The knots accumulate like dust in a corner, my strength dying forevermore, and my wits end fraying.

I do not know anymore what it is to breathe a breath of fresh air, with a mind void of agonising thoughts and a heart burdened by the feeling of unworthiness. Seeking help feels impossible. Though I must remember it is not if I wish to free myself of the replaying torture of calculation day in and day out. I must be brave if I wish to change the knots I'm encapsulated in. I must be willing if I want to live.

The shopping - a chore for one but is an unimaginable difficulty for me.  It's much too overwhelming to think of how many times I'm expected to eat, then what I will have for said expected moments and finally, the exact quantities of food those meals entail. I don't ever want to eat but when the few foods I chose to eat are out of stock or season, it's very challenging for me to overcome the hurdle in the moment and come up with an alternative or reach some sort of resolution.
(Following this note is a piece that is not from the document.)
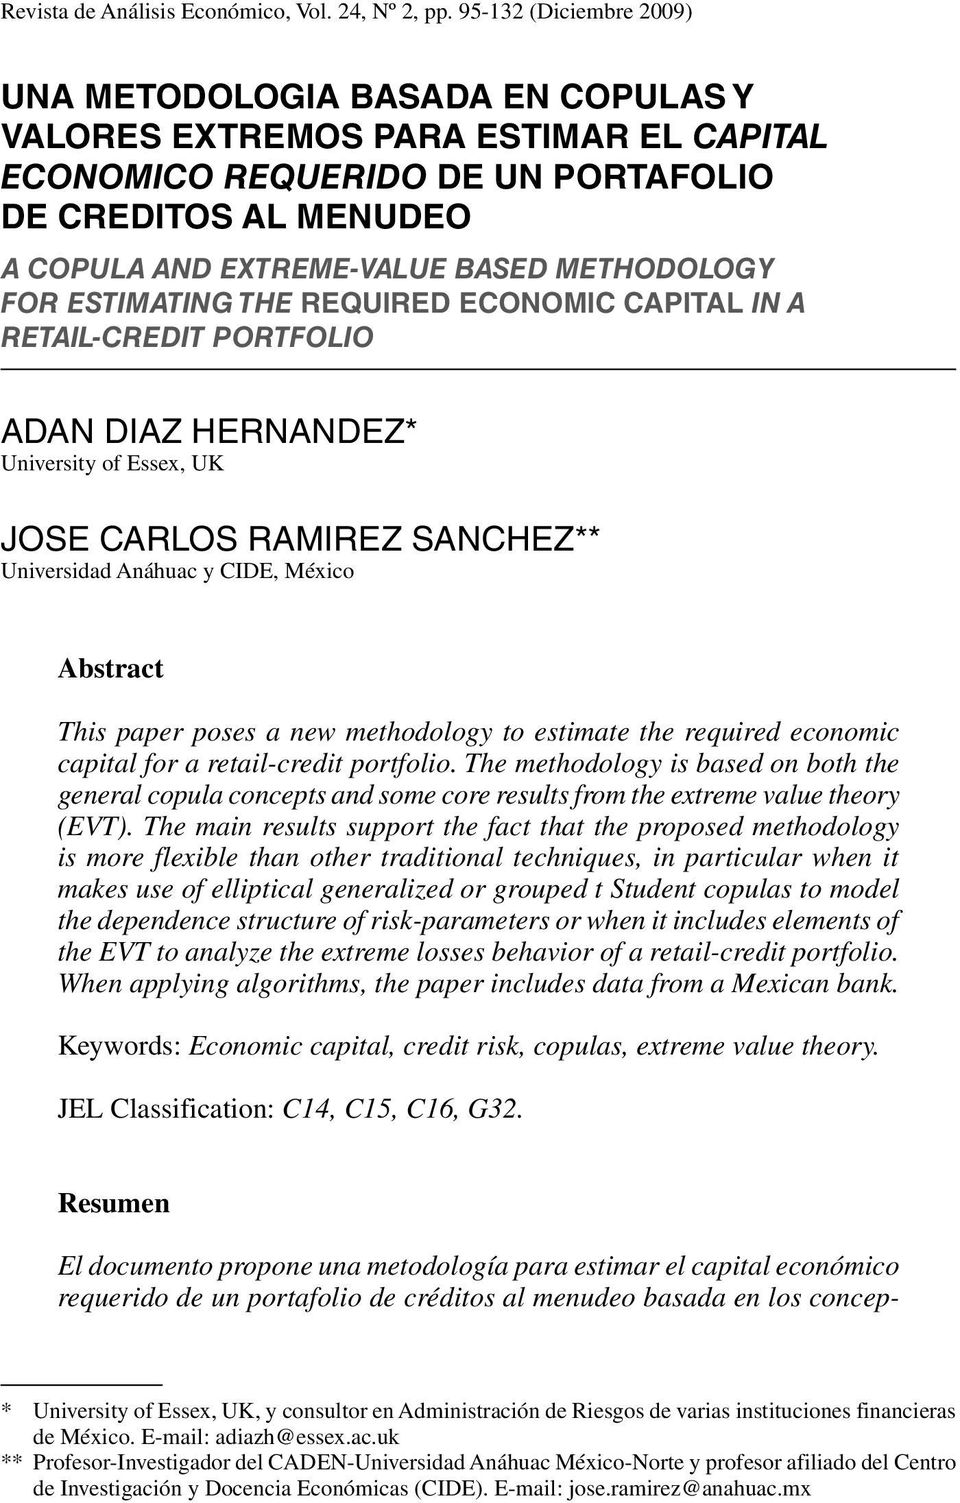 extreme-value based methodology for estimating the required economic capital in a retail-credit portfolio Adan Diaz Hernandez* University of Essex, UK Jose Carlos Ramirez Sanchez** Universidad

Often, roadblocks lead to my freezing because I feel as though I must overcome quickly. In my perfect reality, if I were to shop in a way that felt 'safe' or marginally easier, I'd probably need to spend a minimum of 3 hours at the shop. So to cram this sense of safety into a 30-60 minute window is a task that I'm sure you can imagine, I loathe, I dread, I worry over. The knots in my stomach tie with every new little section I encounter - The cheeses and deli is one, the pantry is another and the freezer is too. Knots tie and tie me in circles until I feel like I'm suffocating in a rope of them by the end. I can only just remember a time in which the shopping brought me glimmers of excitement and desire. It was much easier to be me back then.


Sometimes knots are felt infrequently. But for me, my knots are always there. For it is not just a physical pain that spurs my memory of them, it is the mental anguish that brings them on, something I experience numerous times throughout every day, at the very least. They are the type that love to linger and learn new tricks, adapting to strenuous conditions and enhancing their power when they do. They say a problem shared is a problem halved, Dolls, and I believe that in unison we can at least begin to release ourselves.